Start of Block

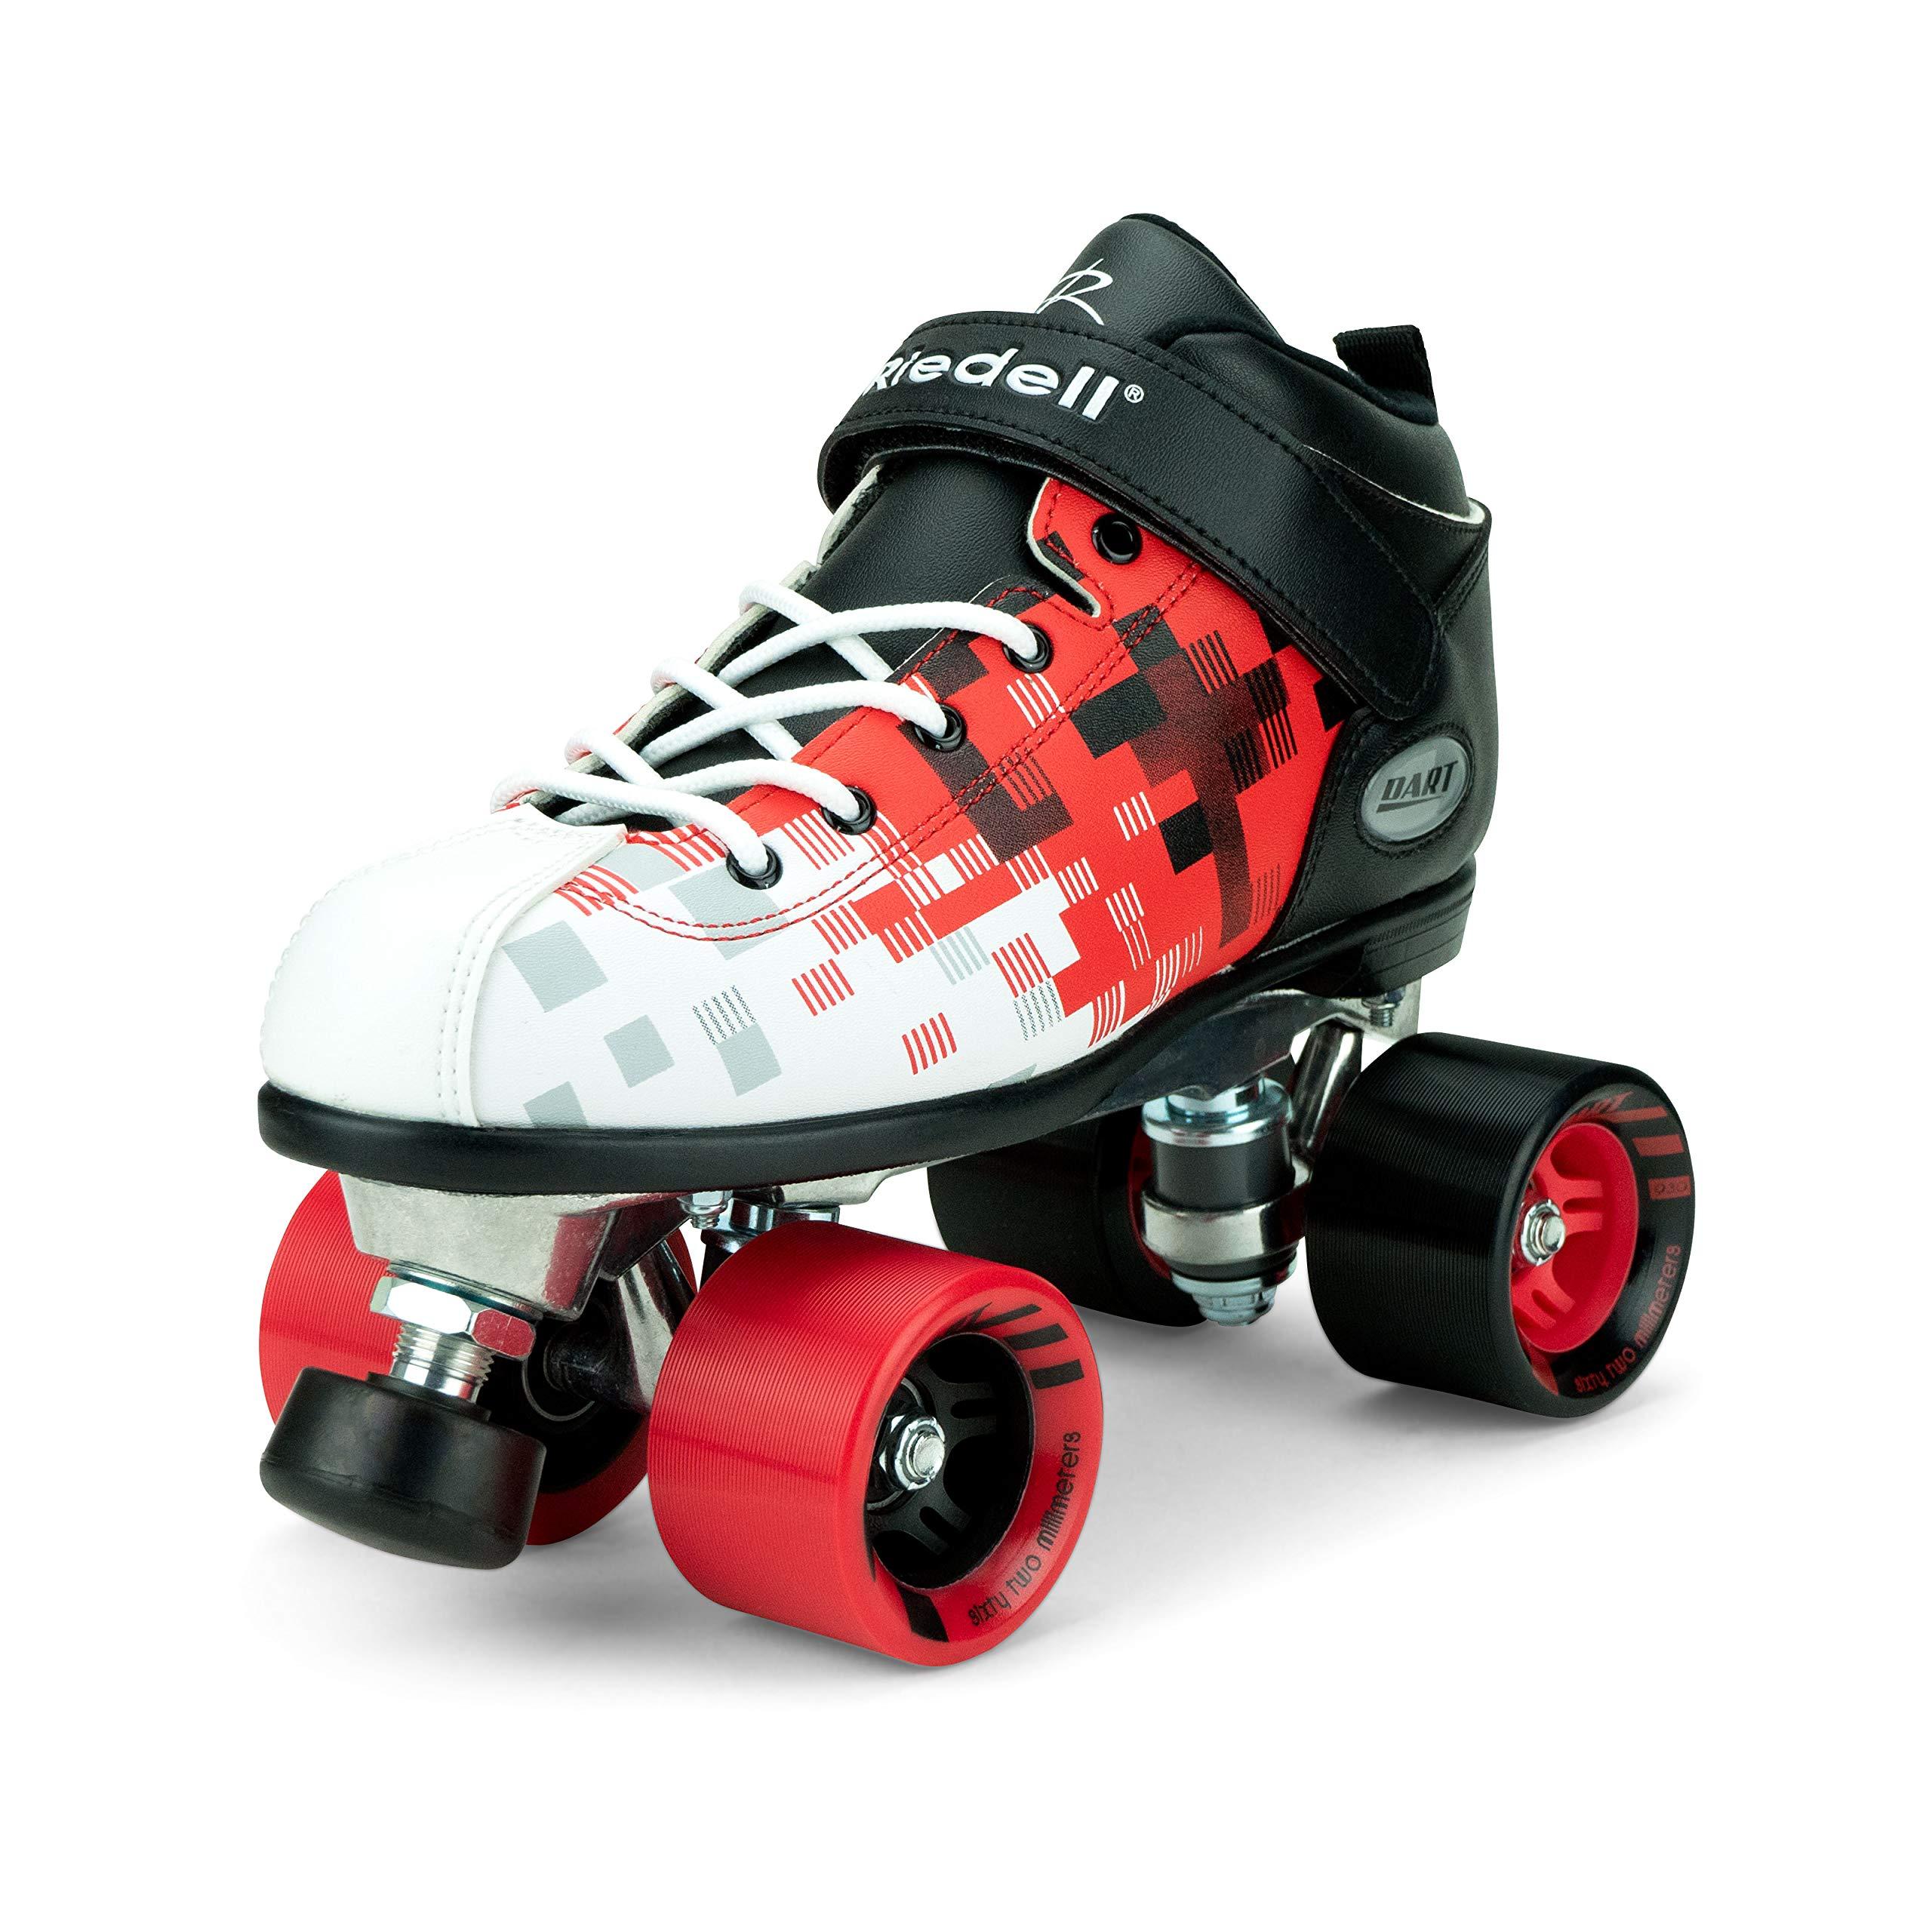 Riedell Skates Pixel Roller Speed
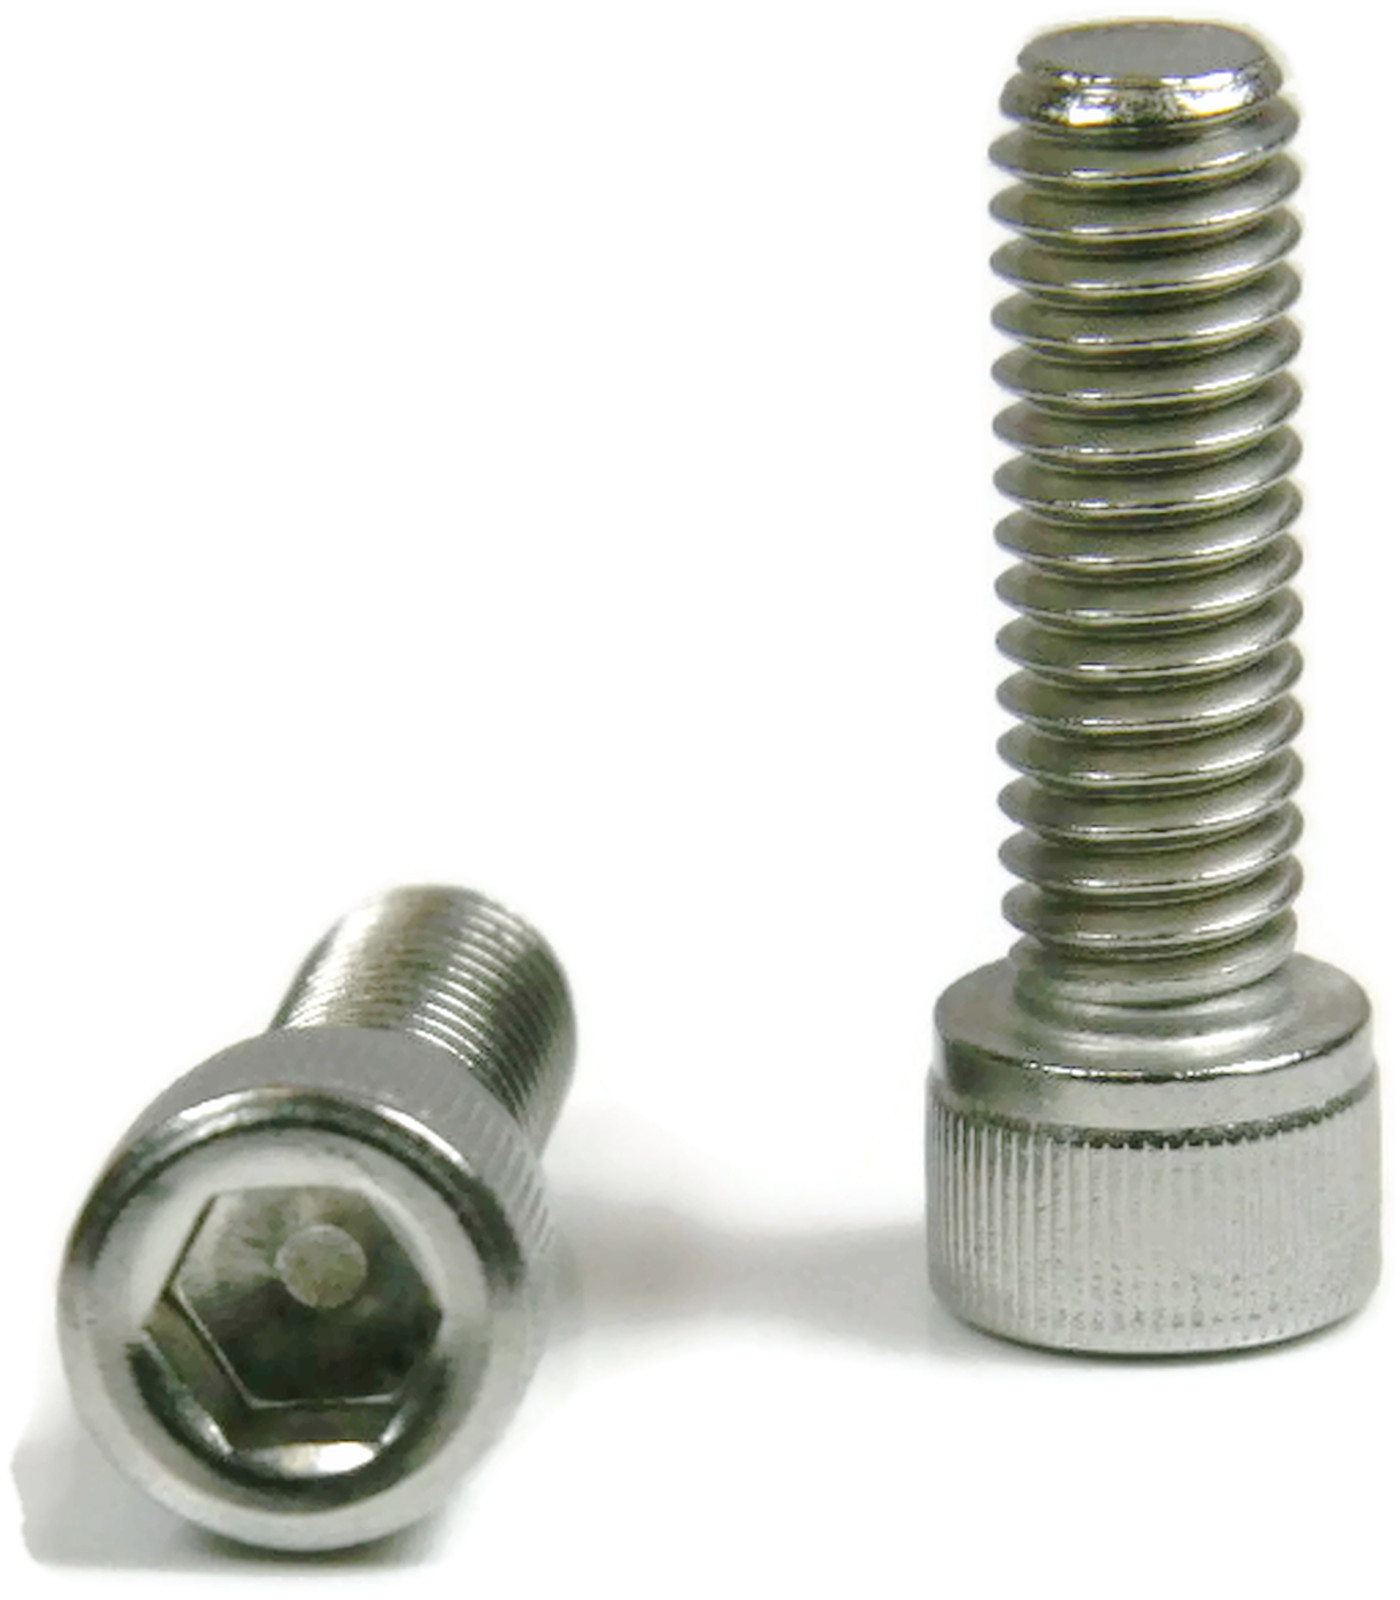 Flat Head Socket Cap Screw 10-24 x 5//8 100 each
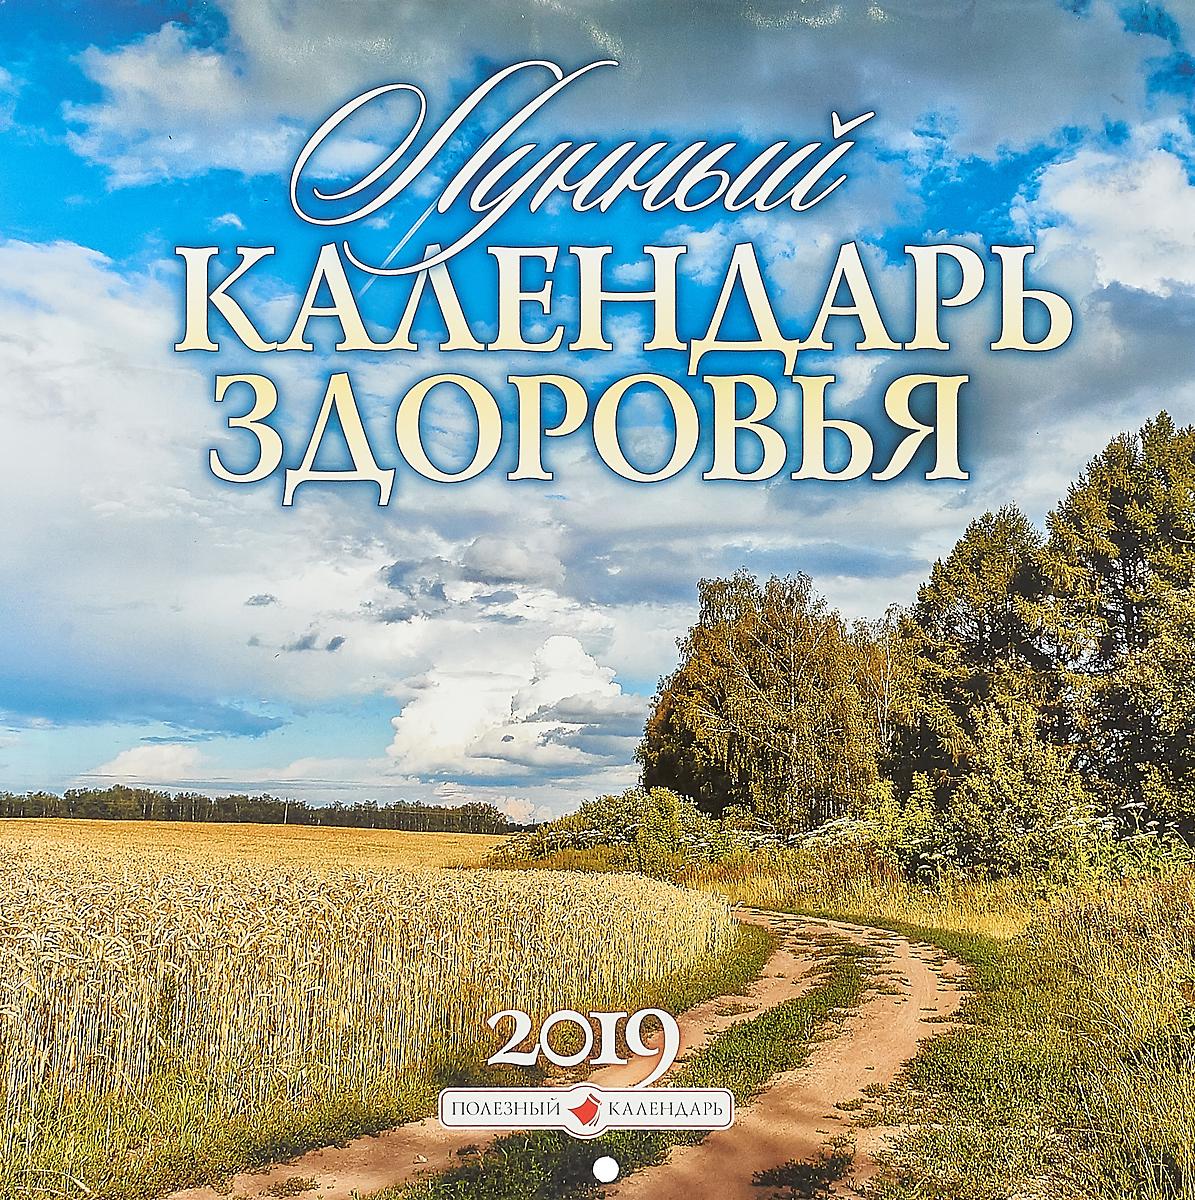 Календарь перекидной на 2019 год. Лунный календарь здоровья календарь здоровья на 2009 год

End of Block

What you have to do:
Without the pictures, repeat the listing word for word.

Solution for this task:
 Riedell Skates Pixel Roller Speed
 Flat Head Socket Cap Screw 10-24 x 5//8 100 each
 Календарь перекидной на 2019 год. Лунный календарь здоровья календарь здоровья на 2009 год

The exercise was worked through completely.